▸ **Given data**:
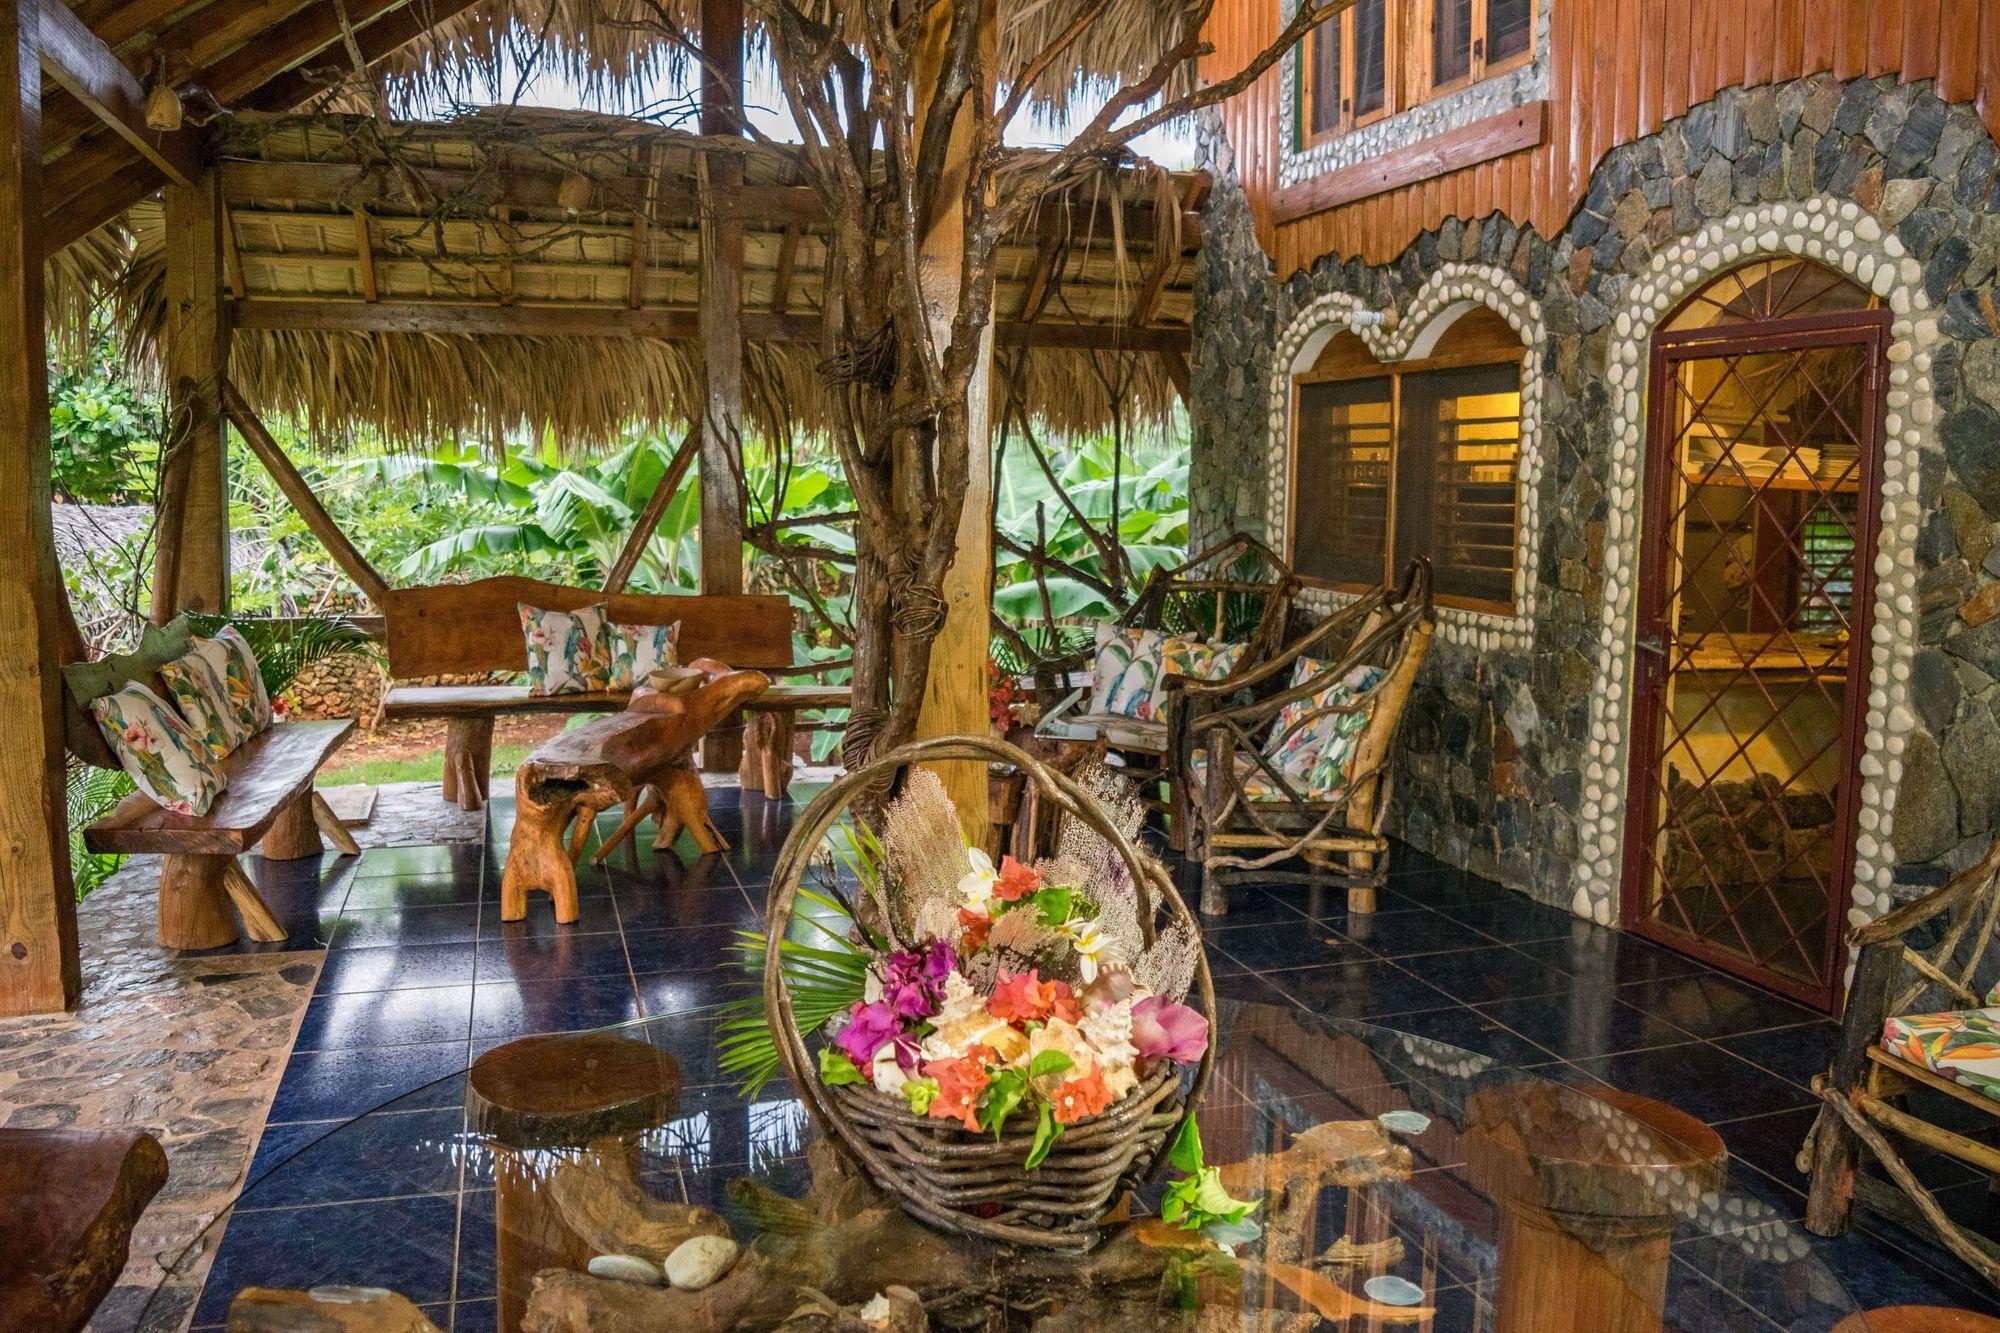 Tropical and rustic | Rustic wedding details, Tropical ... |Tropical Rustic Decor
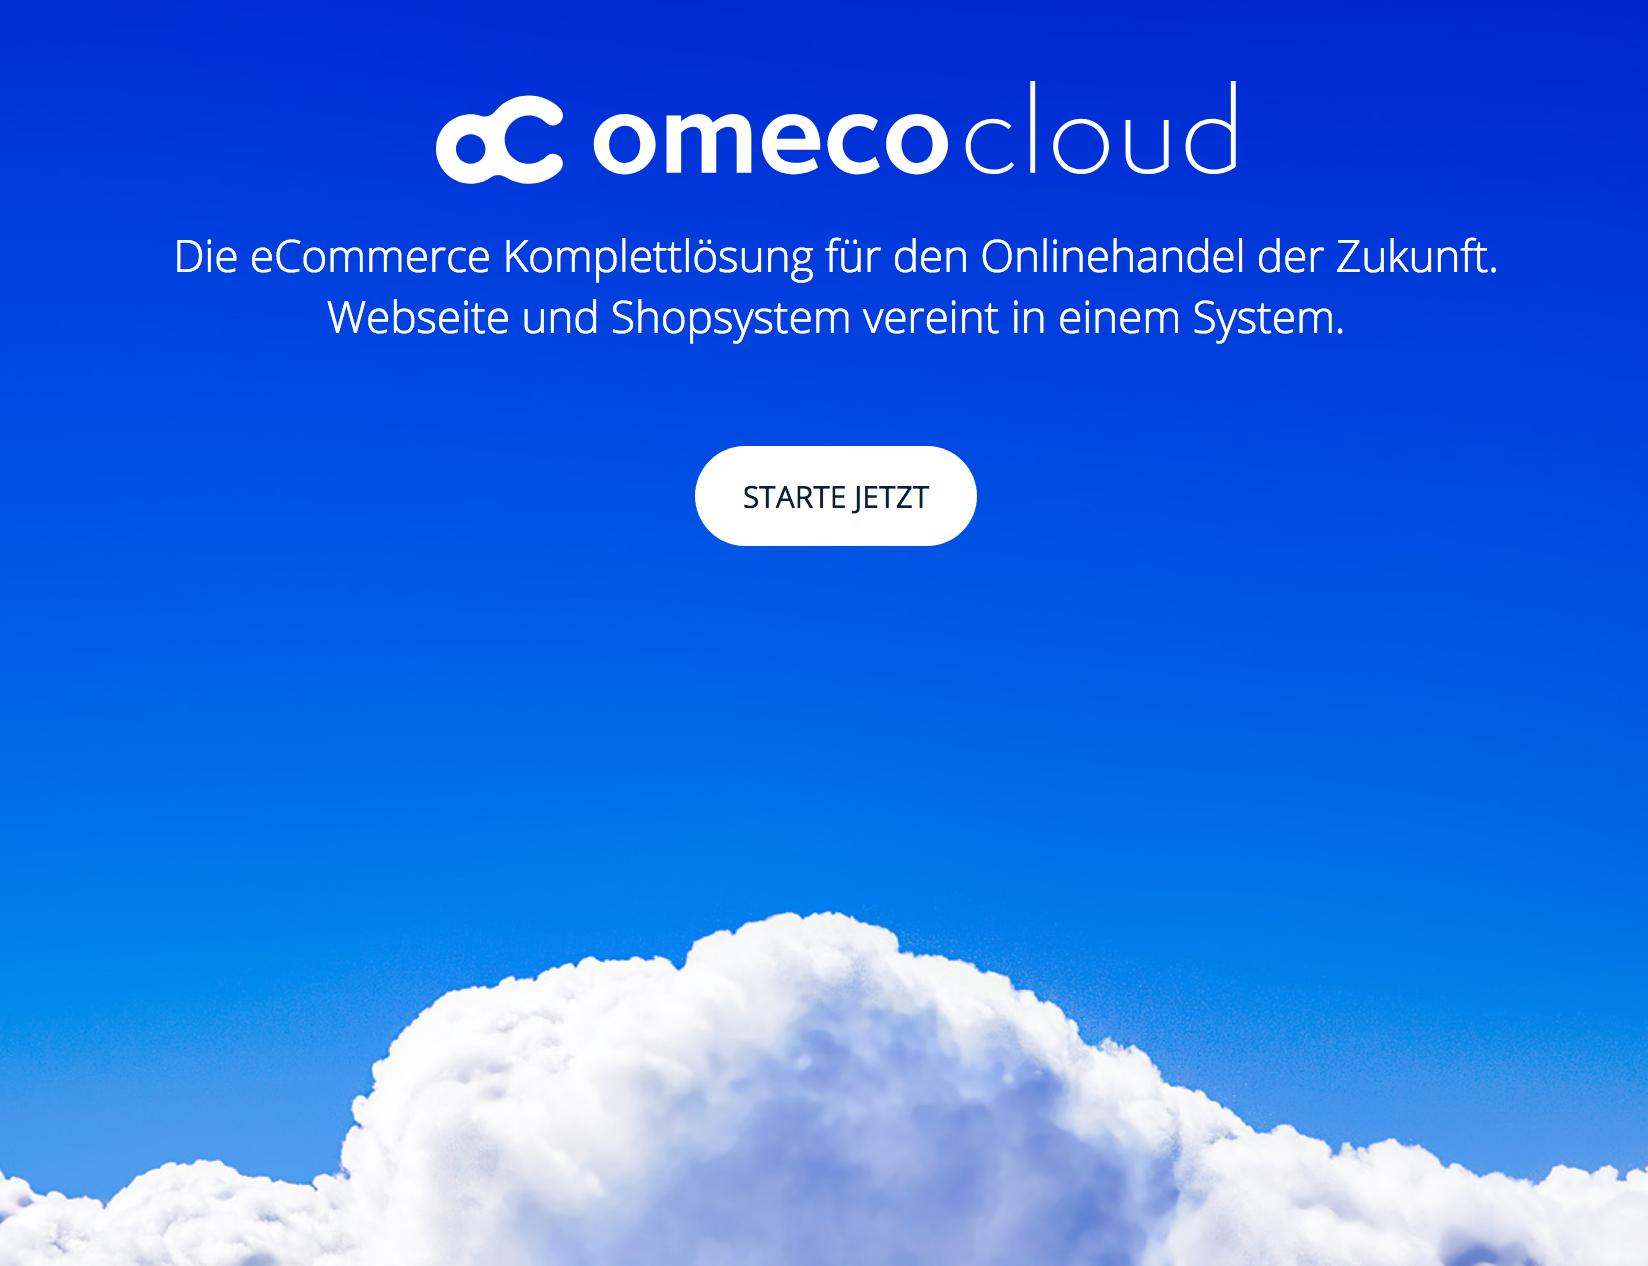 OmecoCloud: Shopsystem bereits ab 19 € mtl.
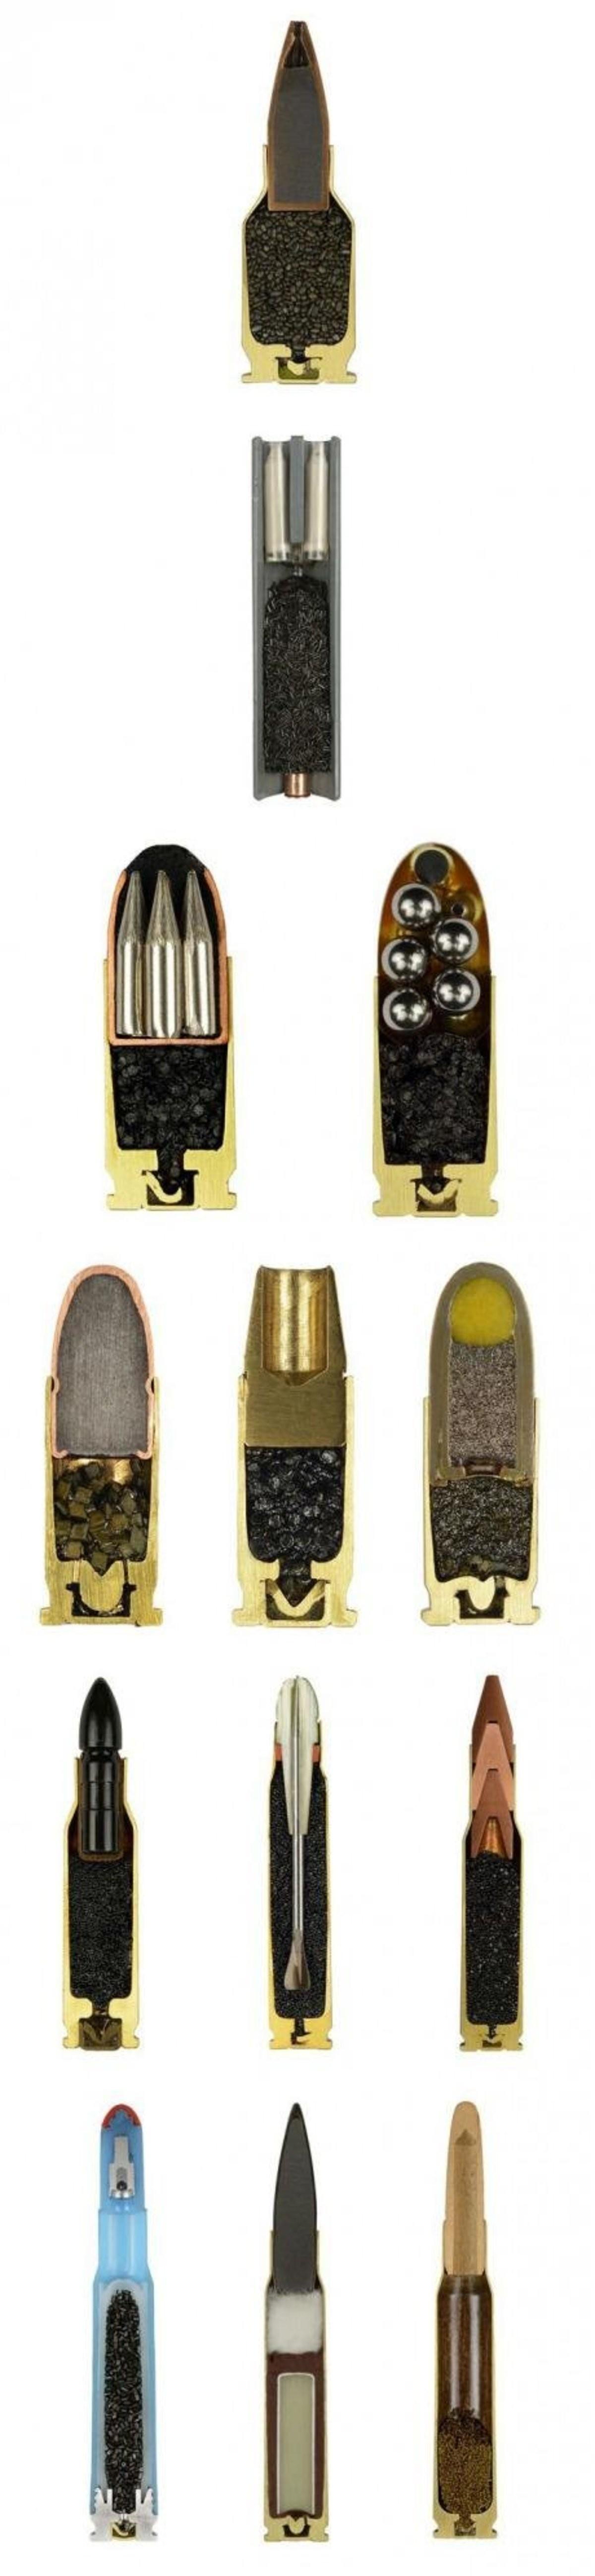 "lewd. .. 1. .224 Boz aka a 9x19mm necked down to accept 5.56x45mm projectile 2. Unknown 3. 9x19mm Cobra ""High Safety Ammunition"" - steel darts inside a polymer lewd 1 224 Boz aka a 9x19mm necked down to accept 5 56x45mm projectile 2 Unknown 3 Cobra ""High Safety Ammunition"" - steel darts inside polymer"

▸ **Exercise directions**:
Transcribe exactly the line that contains "OmecoCloud: Shopsystem bereits ab 19 € mtl." and each line after it through the end of the listing. Leave out the pictures.

▸ **The completed task**:
 OmecoCloud: Shopsystem bereits ab 19 € mtl.
 "lewd. .. 1. .224 Boz aka a 9x19mm necked down to accept 5.56x45mm projectile 2. Unknown 3. 9x19mm Cobra ""High Safety Ammunition"" - steel darts inside a polymer lewd 1 224 Boz aka a 9x19mm necked down to accept 5 56x45mm projectile 2 Unknown 3 Cobra ""High Safety Ammunition"" - steel darts inside polymer"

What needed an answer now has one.